In September 1910, Graver married Anna Thorne. The Suburbanite Economist reported: "The wedding will be a home affair, and the young couple will leave immediately for a month's trip through northern Canada and to the northwest. Upon their return, they will be at home at 140 70th Street."

The company later became known as the Graver Tank and Manufacturing Company, and Herb Graver was its sales manager.

In 1922, Graver built an English manor style home at 10616 Longwood Drive in Chicago. The three-story brick structure had eleven rooms, four baths, two powder rooms, and covered and open terraces. The home was designed by John Todd Hetherington, is currently used as the headquarters of the Ridge Historical Society, and is listed in the AIA Guide to Chicago as one of the city's architecturally significant structures.

At the time of the 1930 United States census, Graver was living at the Longwood Drive home with his wife Anna, son Herbert, and a servant.

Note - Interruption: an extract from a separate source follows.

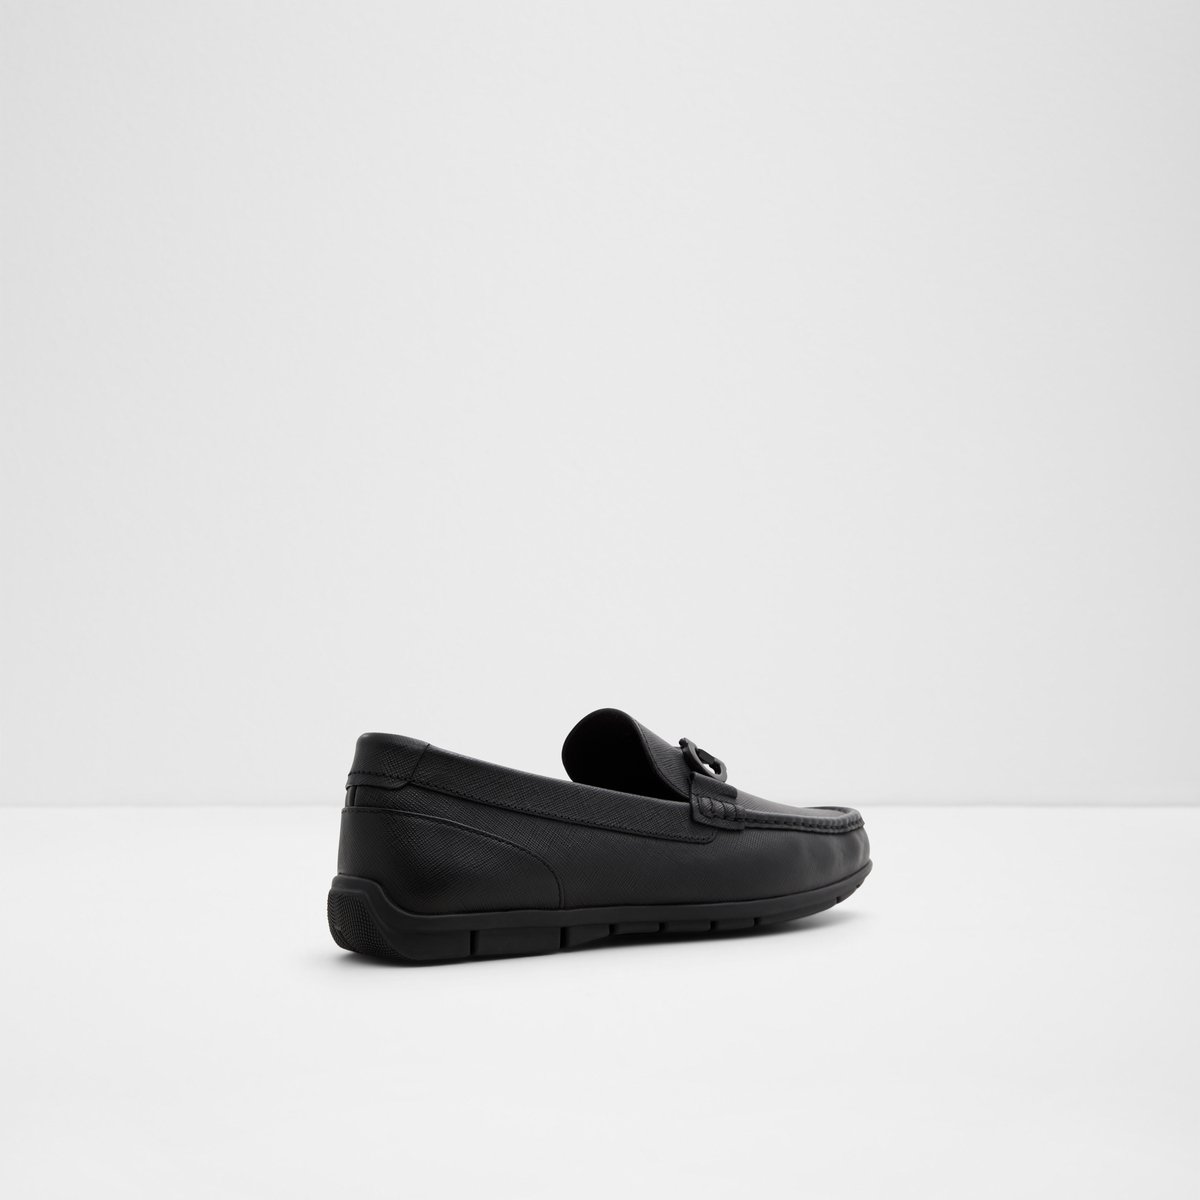 Orlovoflex Open Black Men's Casual Shoes | ALDO Canada

In a draft registration card completed by Graver at the time of World War II, he indicated that he lived at 10428 South Seeley Avenue in Chicago and worked for the Graver Tank & Mfg. Co., Inc. He was married to Anna T. Graver.

Graver died in August 1954 at age 74. He suffered a heart attack at the International Amphitheatre where he was watching wrestling matches. Graver was survived by his wife, Anna Thorne Graver, and a son, Herbert S. Graver Jr.